Like I said, I was supposed to be sitting in tonight at a friend's gig...but like I said, family stuff. Family comes first. Music a close second. I'll be playing the blues this weekend...and I can guarantee you, I'll be thinking of Frank and Bacon. Mostly Bacon. I wish he could be there to hear me play.  I wish I could thank him for all he taught me about music and life in general. In the scheme of things, I didn't know him very long...but sometimes all it takes is one moment to change a life.

Friday, February 19, 2016

America Town

Some years back, I read an article about a TV show in the works called America Town. To my knowledge, it never happened...and I can't find the article or any other mention of it on the internet.
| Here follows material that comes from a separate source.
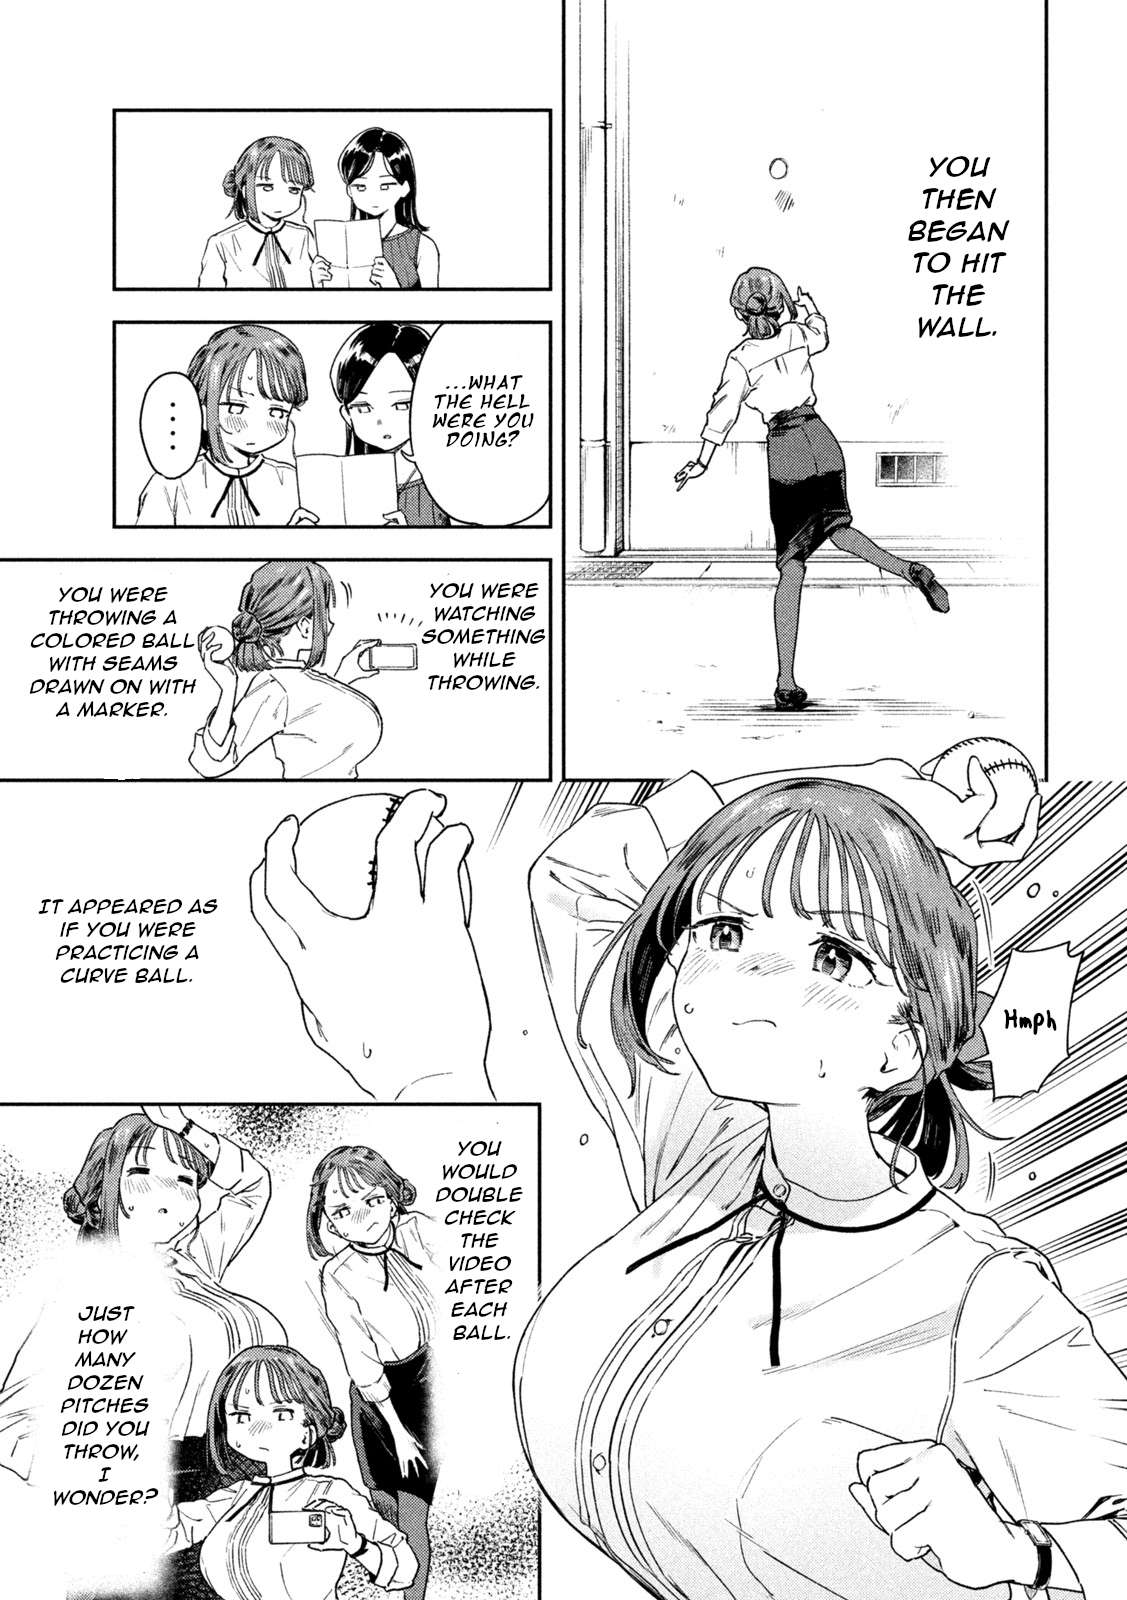 Miyo-Chan Sensei Said So - chapter 5 - #5

The concept was probably too realistic and terrifying for American viewers.

In a nutshell, the premise was simple: mid 21st century, in a large city in some other country. The once United States of America had finally imploded and the majority of it's remaining citizens living their worst nightmare. Many had escaped, emigrating to other countries, looking for a better life. These migrants clustered together in America Town...a ghetto neighborhood in a foreign, formerly friendly land.

Imagine the American version of Chinatown or Little Italy. Fat, badly dressed Yanks and Seppos living in slums, selling hot dogs and other classic American cuisine from pushcarts or small, family-owned eateries. From their windows, one can hear the strains of "America The Beautiful" or some other long-forgotten melody. The 4th of July is just another day. Their kids are trying to just be part of the crowd, but they carry with them the stigma of their parents' homeland. The other kids tease them. Cultural slurs are tossed about.

It can't happen. Or can it?

Look around you. We're on our way.

This country doesn't really produce much, and what we do, we outsource to other countries. MADE IN THE USA doesn't mean much these days.

Our rich get richer off of the backs of the rest of us. One day, someone will have had ENOUGH, and the first shots will be fired in an effective direction. The target will be a CEO, politician, banker, etc. It will ignite a spark in the masses and all Hell is going to break loose - a civil war unlike anything the world has ever seen. Americans do everything bigger.

Living in Prague or Paris or Rio, "Press 1 for English" will no longer be an option. We'll be the ones trying to take the jobs...just to feed and house our families. We won't understand why everyone hates us. We'll be forced to rely on each other while we attempt to assimilate to life in our new homelands.

How many of you know someone already considering leaving the country? How many have already done so? How many more have tried and failed?

Think this can't happen? Again, look around. Land of the free? Free to do what? Work long hours at a job you hate, earning just enough to keep you there a little while longer, until 20 years of your life is gone. You can't afford school...you're still paying off your old school loans. Everything you buy, regardless of the cost, is essentially disposable - by design - so you'll have to replace it, and spend more money.

You're taught to hate the wrong people. It's a con job. You're taught to hate the poor, not the people and corporations making them poor and keeping them that way. You're taught to hate and fear immigrants who might take YOUR job, but not the employer who will happily hire them to keep profits high. You're taught to hate anyone who differs from YOU. You're convinced to build walls but not bridges. You're convinced we need bombs more than schools. You're convinced to eat garbage.

It's what you'll miss the most living in America Town.